Building Energy Time Series Data Mining for Behavior Analytics and Forecasting Energy consumption

  • Balachander, K;Paulraj, D
    • KSII Transactions on Internet and Information Systems (TIIS)
    • /
    • v.15 no.6
    • /
    • pp.1957-1980
    • /
    • 2021
  • The significant aim of this research has always been to evaluate the mechanism for efficient and inherently aware usage of vitality in-home devices, thus improving the information of smart metering systems with regard to the usage of selected homes and the time of use. Advances in information processing are commonly used to quantify gigantic building activity data steps to boost the activity efficiency of the building energy systems. Here, some smart data mining models are offered to measure, and predict the time series for energy in order to expose different ephemeral principles for using energy.
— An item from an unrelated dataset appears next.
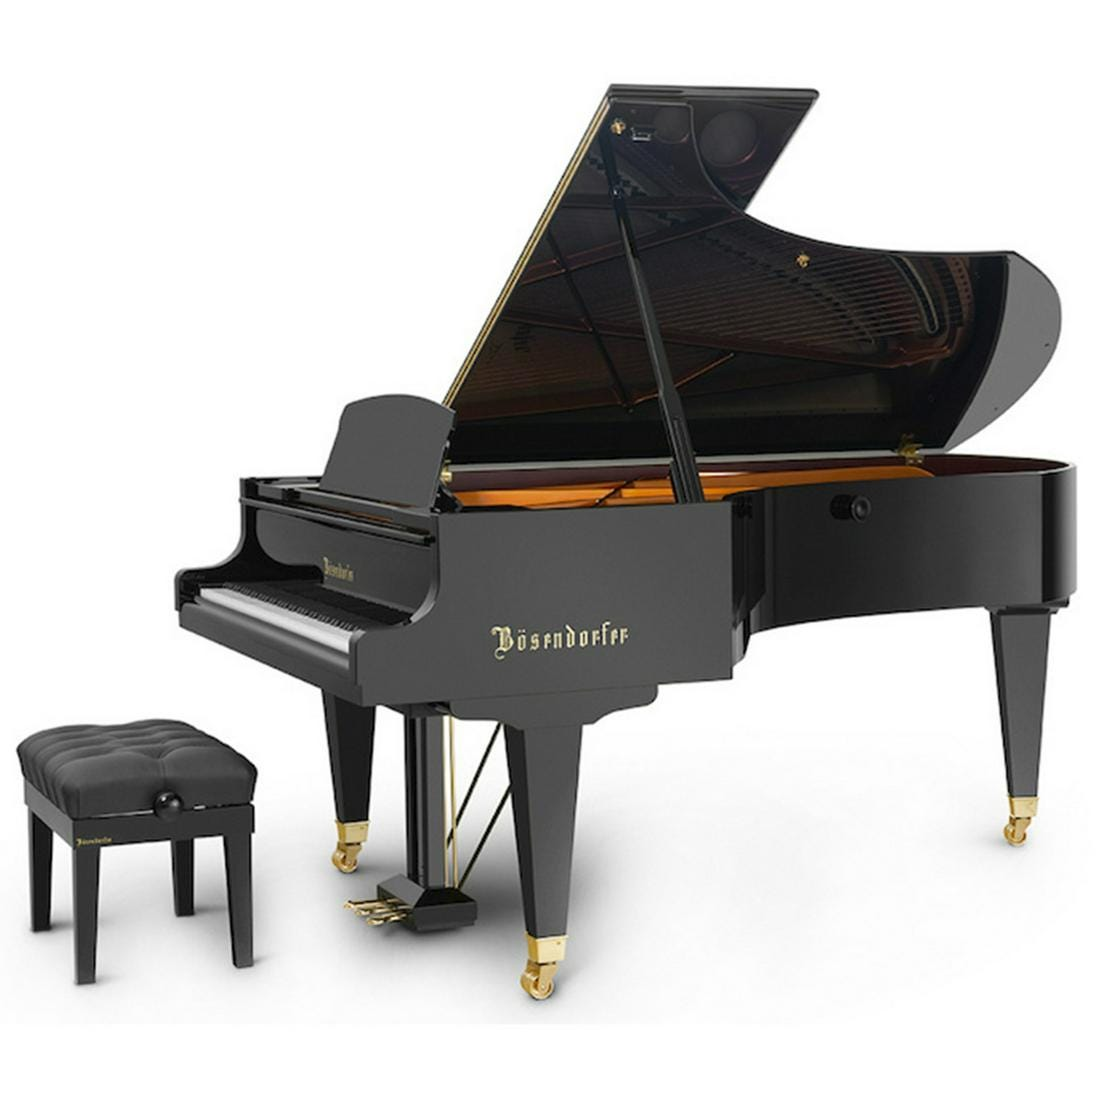 Bosendorfer grand piano (model 225, serial #37277)

Such considerations illustrate the use of machines in relation to time, such as day hour, time of day, week, month and year relationships within a family unit, which are key components in gathering and separating the effect of consumers behaviors in the use of energy and their pattern of energy prediction. It is necessary to determine the multiple relations through the usage of different appliances from simultaneous information flows. In comparison, specific relations among interval-based instances where multiple appliances use continue for certain duration are difficult to determine. In order to resolve these difficulties, an unsupervised energy time-series data clustering and a frequent pattern mining study as well as a deep learning technique for estimating energy use were presented. A broad test using true data sets that are rich in smart meter data were conducted. The exact results of the appliance designs that were recognized by the proposed model were filled out by Deep Convolutional Neural Networks (CNN) and Recurrent Neural Networks (LSTM and GRU) at each stage, with consolidated accuracy of 94.79%, 97.99%, 99.61%, for 25%, 50%, and 75%, respectively.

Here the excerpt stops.